LLM06 is the risk that the model says something it should not. The category bundles four distinct failure modes. PII exposure, system-prompt leakage, cross-tenant data bleed, and memorised training samples. Each needs its own defense. The unifying principle is simple. The model never sees raw sensitive values it does not need, and every output is checked before it reaches a user.

  • PII in context. The model is shown PII that ends up in its output even though the prompt did not require it.
  • System prompt leakage. Prompt injection extracts the instructions we wrote for the model, including any operational logic an attacker exploits.
  • Cross-tenant data bleed. A retrieval or tool call returns data from a different tenant, and the model relays it to the current user.
  • Training data leakage. A fine-tuned model memorises rare or repeated samples and regurgitates them verbatim under adversarial prompts.

PII is redacted before the prompt reaches the model. Tokens are replaced with placeholders that the application layer resolves only for authorised users:

Original: "Payment to Nguyễn Văn A, phone 0901234567"
Model sees: "Payment to [PERSON_1], phone [PHONE_1]"

The mapping table that resolves placeholders is held by the application, not the model. The model reasons about “the buyer” without ever seeing the buyer’s name or phone number. This is the same redaction surface described in Pillar II §2.1.

After the model returns, we scan the response a second time. Three checks fire on every call.

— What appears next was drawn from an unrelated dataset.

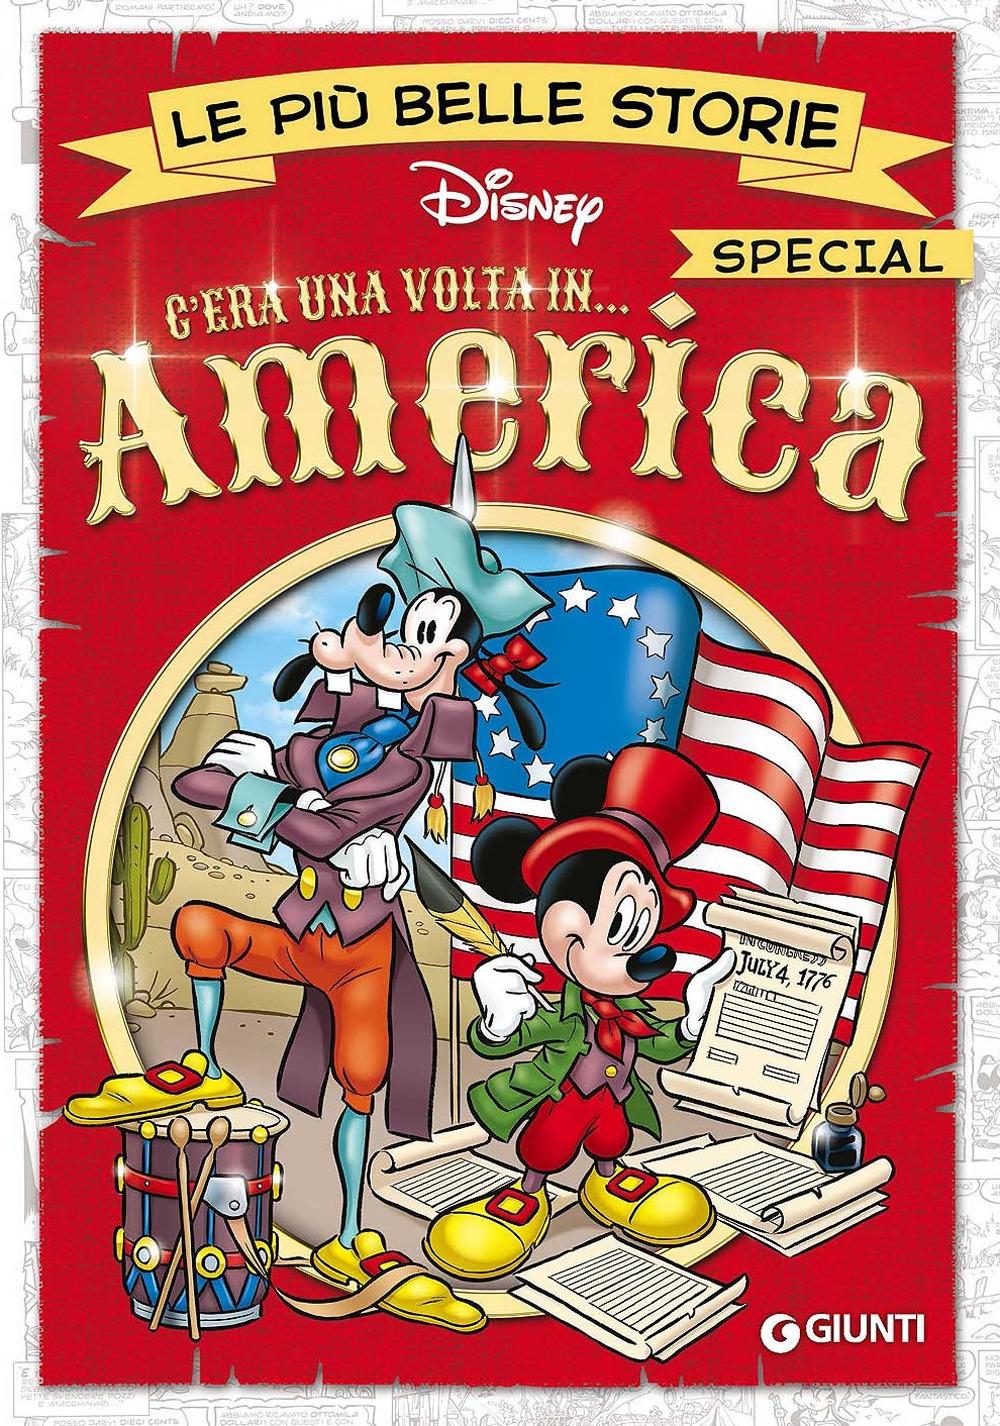 C'era una volta in... America. Le più belle storie special

  • Unresolved placeholders. A placeholder that survived back into the response means the model fabricated structure that needs review.
  • Raw PII patterns. Phone numbers, ID numbers, or email addresses present in the output even though redaction removed them from the input.
  • Tenant identifiers. Internal IDs (tenant_id, customer_id) that should not appear in user-facing text.

Responses failing any check are transformed. Replace with a generic descriptor (“the buyer”, “the vendor”), redact entirely if the value is not safely rendered, or block and trigger an incident if the pattern suggests cross-tenant bleed.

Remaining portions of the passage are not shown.